First Light: The Search for the Edge of the Universe
- First edition
- Author: Richard Preston
- Language: English
- Subject: Astronomy
- Genre: Non-fiction
- Publisher: Atlantic Monthly Press
- Publication date: 1 November 1987
- ISBN: 9780871132000

= First Light (Preston book) =

Book on astronomy and astronomers

First Light: The Search for the Edge of the Universe is a 1987 non-fiction book on astronomy and astronomers by Richard Preston.

The title refers to the astronomical term first light, which is when a telescope is first used to take an astronomical image after it has been constructed.
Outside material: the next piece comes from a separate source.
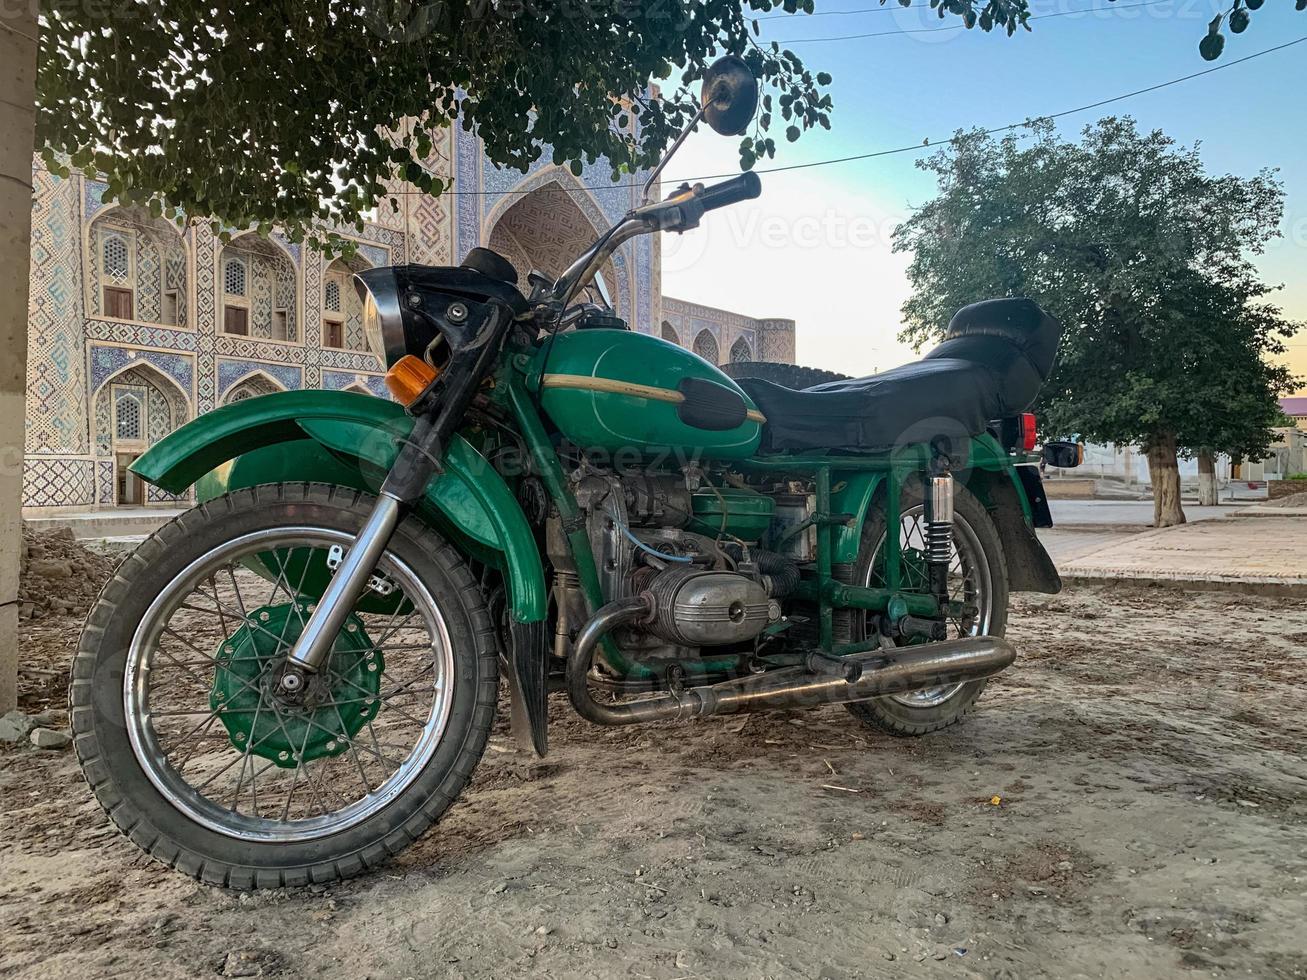 Motorcycle parked in front of a Qosh Mosque in Bukhara Uzbekistan photo
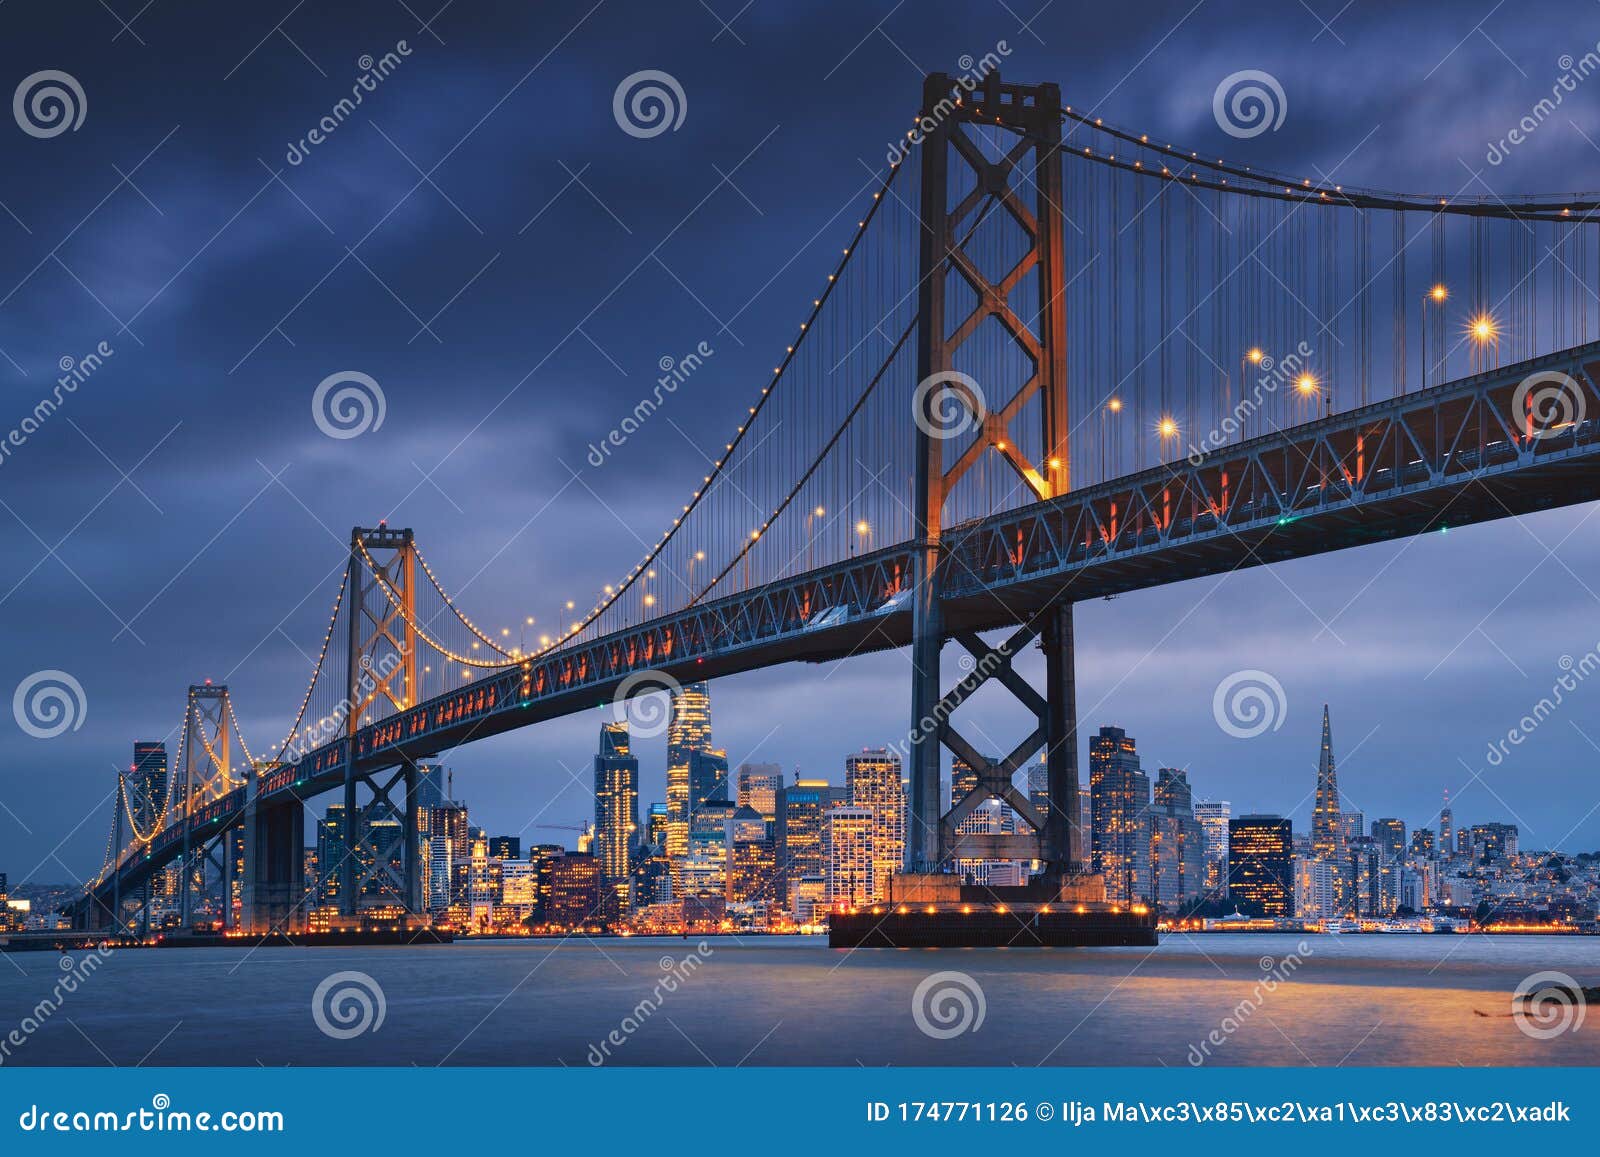 san francisco downtown with oakland bridge in foreground. california famous city sf. travel destination usa

First light also refers to the moment when stars and galaxies first formed out of a dark universe.

== Content ==
The central character of First Light is the Hale Telescope on Palomar Mountain, which was the world's biggest telescope for more than three decades. Preston describes its history and technical details, and he profiles many of the people involved in astronomical research at Palomar. First Light portrays astronomers scanning the Solar System for minor planets and those seeking the outermost astronomical objects in universe. It describes historical events such as the discovery of quasars and celebrates the scientists' joy in their endeavors, their obsessions and even their thoughts.

== Structure ==
The book is structured as follows.

- Foreword: To Readers and Teachers
- Part 1: Big Eye
- Part 2: The Shoemaker Comets
- Part 3: Gadgeteers
- Part 4: Discoveries
- (List of) Main Characters
- Glossary
- Credits

First Light provides neither an index nor a bibliography.

== Criticism ==
As of today, some of the astronomical approaches and views are out of date. However, First Light is considered one of the best books written about astronomers.

== Awards ==
- First Light won the 1988 American Institute of Physics award in science writing.
- Carolyn Shoemaker, who was a subject of First Light, named an asteroid 3792 Preston.